I have a long commute to work everyday, and on those drives, I often listen to podcasts. One by the NPR Planet Money team struck a nerve recently. It was called “The Experiment Experiment” and was about reproducing results in the field of psychology. As an aside, physicist David Kestenbaum is one of the reporters on Planet Money that relayed this story.
In the episode, Brian Nosek, a psychologist at the University of Virginia is able to (amazingly!) persuade 270 others working in his field to try to reproduce 100 experiments that were published in the three top-tier psychology journals. The result?
64 of the 100 experiments were not reproduced.

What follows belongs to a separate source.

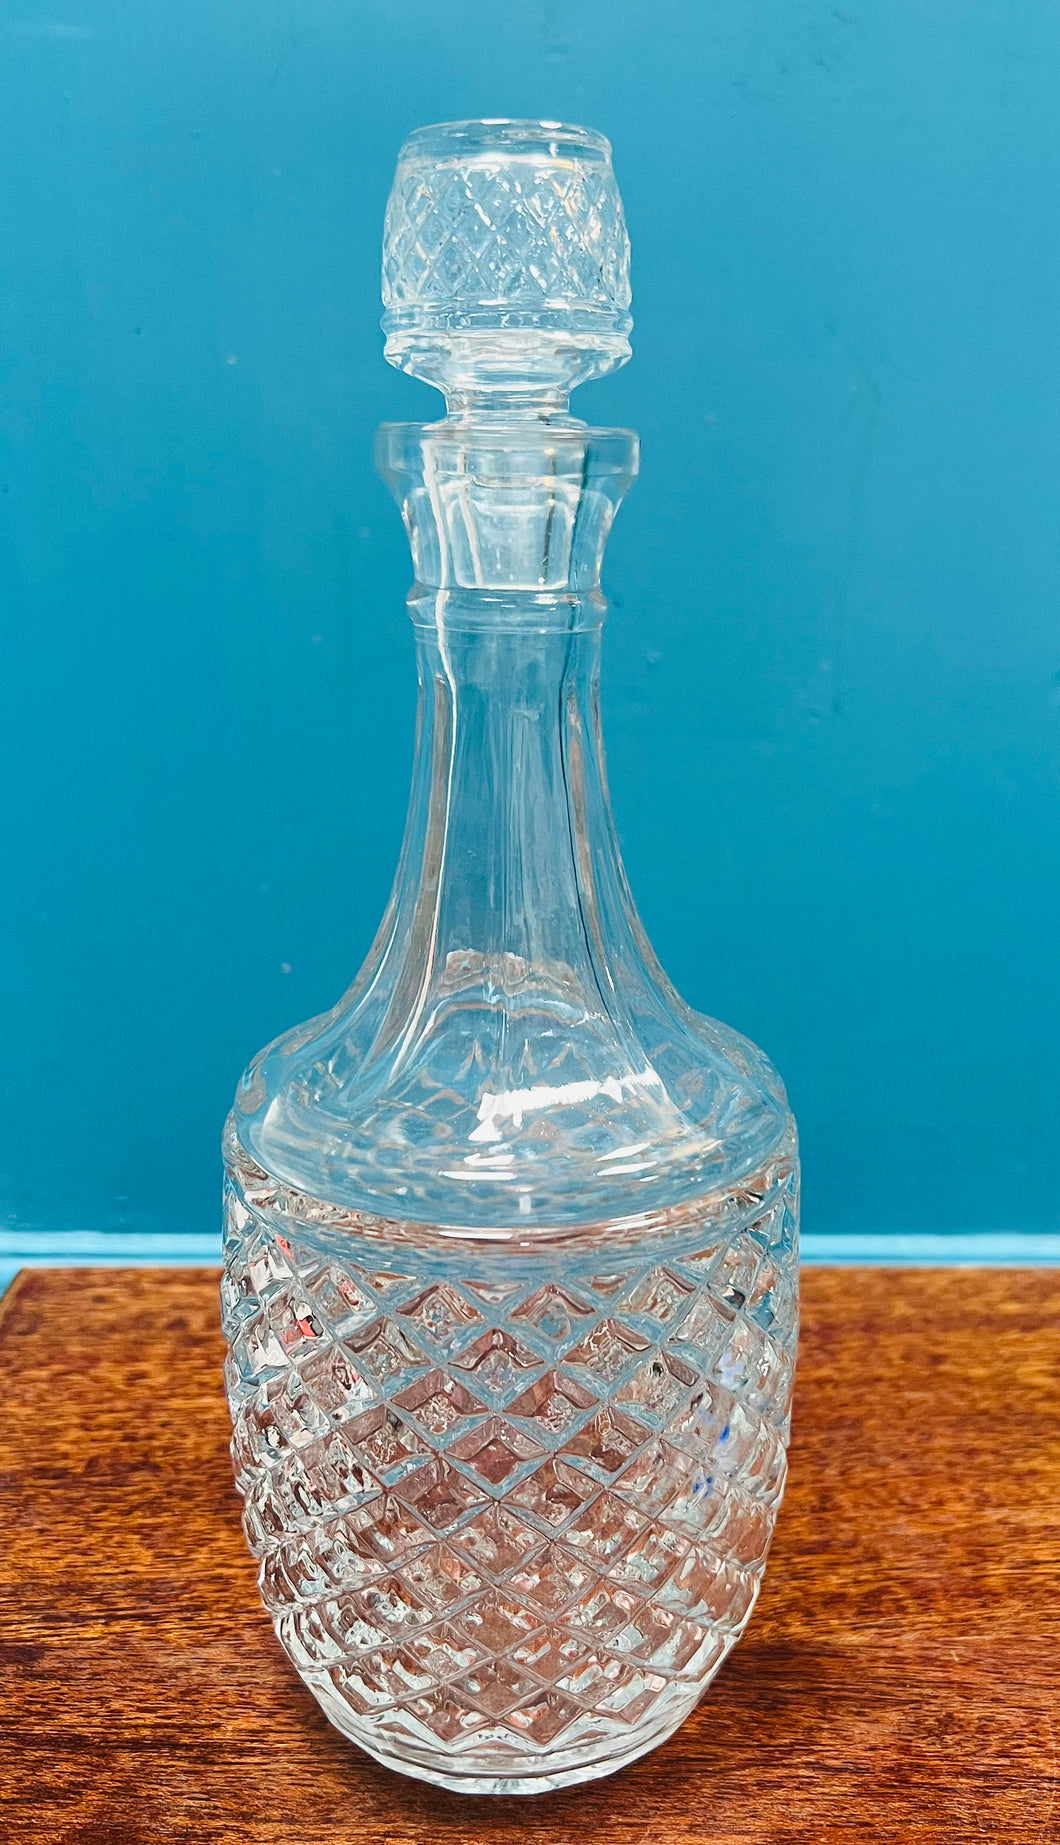 Decanter gwydr Retro o’r 70au / Retro glass decanter from the 70s

The most interesting part of this podcast is the analysis as to why this occurred. Their hypothesis is that two main reasons are to blame:
- The “file-drawer effect”
- Psychologists tricking themselves due to misaligned incentives
Let’s use, as they did in the episode, the instructive analogy of coin-flipping to understand these two ideas. It goes something like this. If there are 100 researchers, doing the same experiment of flipping 10 coins, most of them will obtain somewhere between 4-6 heads. These researchers are likely to put their results in their drawers and move on to their next experiment. However, there will be 1 or 2 researchers that get the astounding result of 9 out of 10 or 1 out of 10 heads. These researchers will think to themselves, “Whoa! What is the probability of me obtaining that result?!” They will calculate it, see that the probability is about 1% and publish the result thinking that it is statistically significant.
Just as an illustration, here the distribution one would naively expect of 100 researchers doing the coin-flipping experiment:
The other component that they claim contributes to these striking reproducibility numbers is that researchers have an incentive to obtain positive results. This is because positive results get researchers publications, which result in promotions for tenure-track faculty and jobs for graduate students and postdocs. Therefore, due to the incentive structure, researchers have a natural bias towards positive results. This does not mean to imply that these researchers are committing scientific misconduct; they are just unaware of their biases.
Let us take the coin-flipping example again and start from the above graphic to see how this might work. Approximately 12 of 100 researchers flipping coins will obtain 7 heads out of 10 coin flips. This would not be a remarkably significant result, but then suppose all 12 of them think, “Let me just check to see if this result is true,” and they flip another 4 coins. Now, 3-4 of those 12 researchers will obtain 3 or 4 heads when flipping the coin 4 times, reinforcing their previous result! They will then think, “Well, this result must be true! I better publish this!”
One can see how these two effects could combine to lead to the staggering number of results that are not reproducible. Because the incentive structure in our field is similar, one fears that such things may be going on in physics departments as well. I would like to hope not, but if psychologists are susceptible to psychological pressure, who isn’t?